UMA NOITE NA URCA COM GETÚLIO II–O LEAL ESCUDEIRO

 

                    GILBERTO DE ANDRADE

 

Andrade ouviu tudo aquilo com um frio na espinha. O que acabara de saber deveria ser impossível. Seu patrão, o todo poderoso líder do Estado Novo paralisado diante uma multidão o aclamando. Uma arma embaixo de sua coxa. Alzirinha pensando que o pai queria se matar de dor pela perda de Getulinho e seu Miguel.

Andrade ficara, mais que surprso, atônito.

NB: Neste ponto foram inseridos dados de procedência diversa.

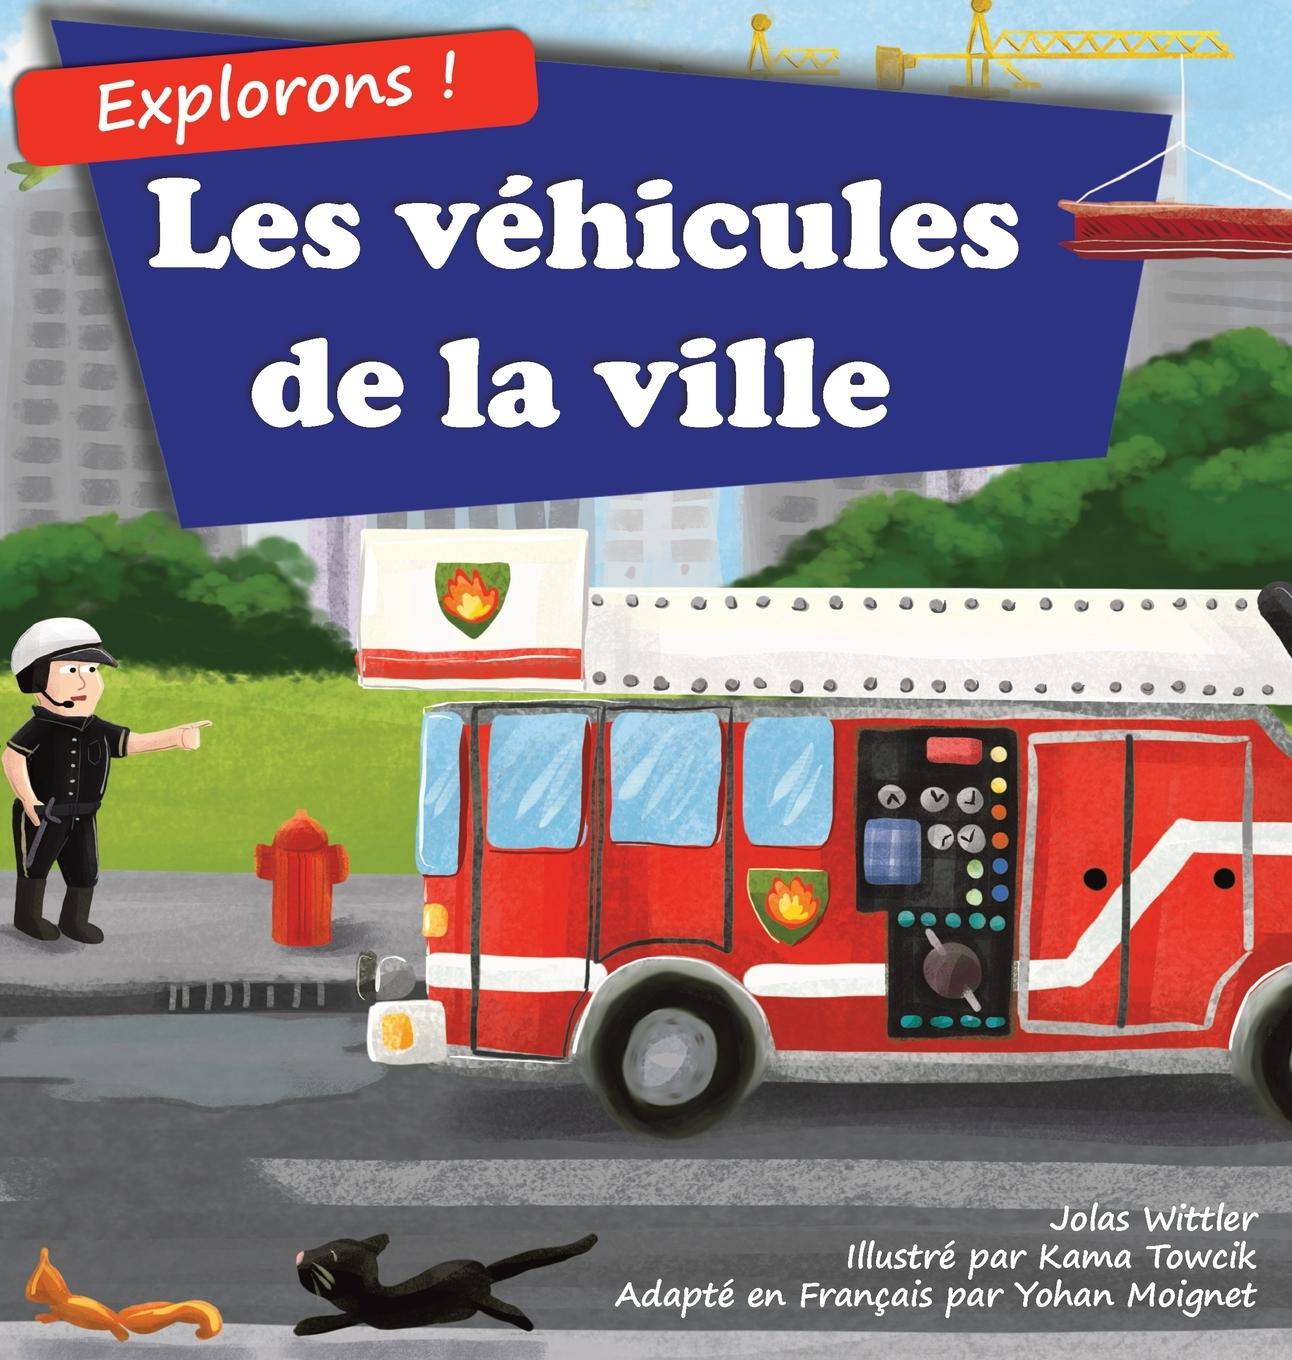 Kniha Explorons ! Les vehicules de la ville Jolas Wittler

Fizera uma ligação de rotina para checar uma informação para a Hora do Brasil e caíra no inferno pessoal dos Vargas.

E pior, sofria com isso.

Enquanto se dirigia ao Guanabara para socorrer os Vargas, Andrade deixou-se levar pelos pensamentos e recordações.

Admirava Vargas por ser um vencedor. E considerava as vitórias do chefe, conquistas pessoais dele, Andrade.

Pois a Rádio Nacional era sua paixão e Andrade via em Getúlio um aliado para manter o seu amor como a maior e mais querida rádio do Brasil.

Com Getúlio não precisava se preocupar com dinheiro. Altos cachês para um artista eram compensados com programas altamente populares e, embora ricos em criatividade, de baixíssimo custo.

E o chefe sabia do esquema e não se incomodava. Muito pelo contrário aprovava. Até dava sugestões razoáveis, mas, sem jeito, humilde, sempre afirmando ser uma “sugestão de um mero ouvinte”. Andrade era uma das poucas pessoas que podiam vangloriar-se ter visto esse lado mais delicado e frágil do Presidente.

Desde as primeiras transmissões das ondas sonoras do rádio, Vargas era fascinado pela tecnologia e a Nacional era algo mais que especial para o Presidente.

Getúlio amava sua rádio federal, ao ponto da idolatria. Alzirinha sentia isso disto, e por este motivo o convocara para pôr fim à essa situação.

Para sorte dela, Andrade tinha um encontro com grandes amigos e colegas do rádio no Cassino da Urca.

Ao chegar perto do Guanabara pode ouvir os brados da multidão:

GE-TÚ-LIO

GE-TÚ-LIO

GE-TÚ-LIO

Curvou-se para enfrentar a turba.

Voltou seus pensamentos novamente para os colegas e para a Urca e suas promessas de diversão. Pois a noite era de Marlene e todos os seus convidados confirmaram presença.

Até Carmem Miranda iria.

E também Casé,

E Almirante.

E Marlene, ou assim queria e esperava, também viria à mesa deles quando seu número terminasse.

As maiores figuras do rádio e do teatro revista iriam se reunir essa noite.

O que pode mais alegrar um enrustido fã do rádio, suas estrelas e cantoras? Gilberto Andrade lembra-se muito bem quando o dr. Getúlio solicitou um encontro com Angela Maria.

Ao vê-la soltou um longo suspiro, retirou um cubando do bolso, cortou a ponta, levou-o a boca. Acendou o charuto e depois levou-o aos lábios:

--- Menina você tem a voz doce e a pele do sapoti.

Getúlio amava as damas. Principalmente as do Rádio. As rainhas da preferência nacional, eram também a preferência do presidente para a infelicidade de dona Darcy, sua esposa.

Sim, uma noite no Cassino da Urca, uma conversa descontraída com seus ídolos e amigos, um show com Marlene, uma possível rainha, que ele mesmo, Andrade, estava disposto a contratar. E sabia seu chefe amava isso.

E, confiante em seu plano, enfrentou, aos trancos e barrancos a excitação e o clamor da multidão agitada. Deu cotoveladas e empurrões, até ver os cadetes de plantão na entrada do Palácio. Mostrou sua identificação federal de alto nível Guanabara, abriram os portões.

Andrade os adentrou vagarosamente, tentando imaginar em que estado iria encontrar o homem que mais admirava em sua vida.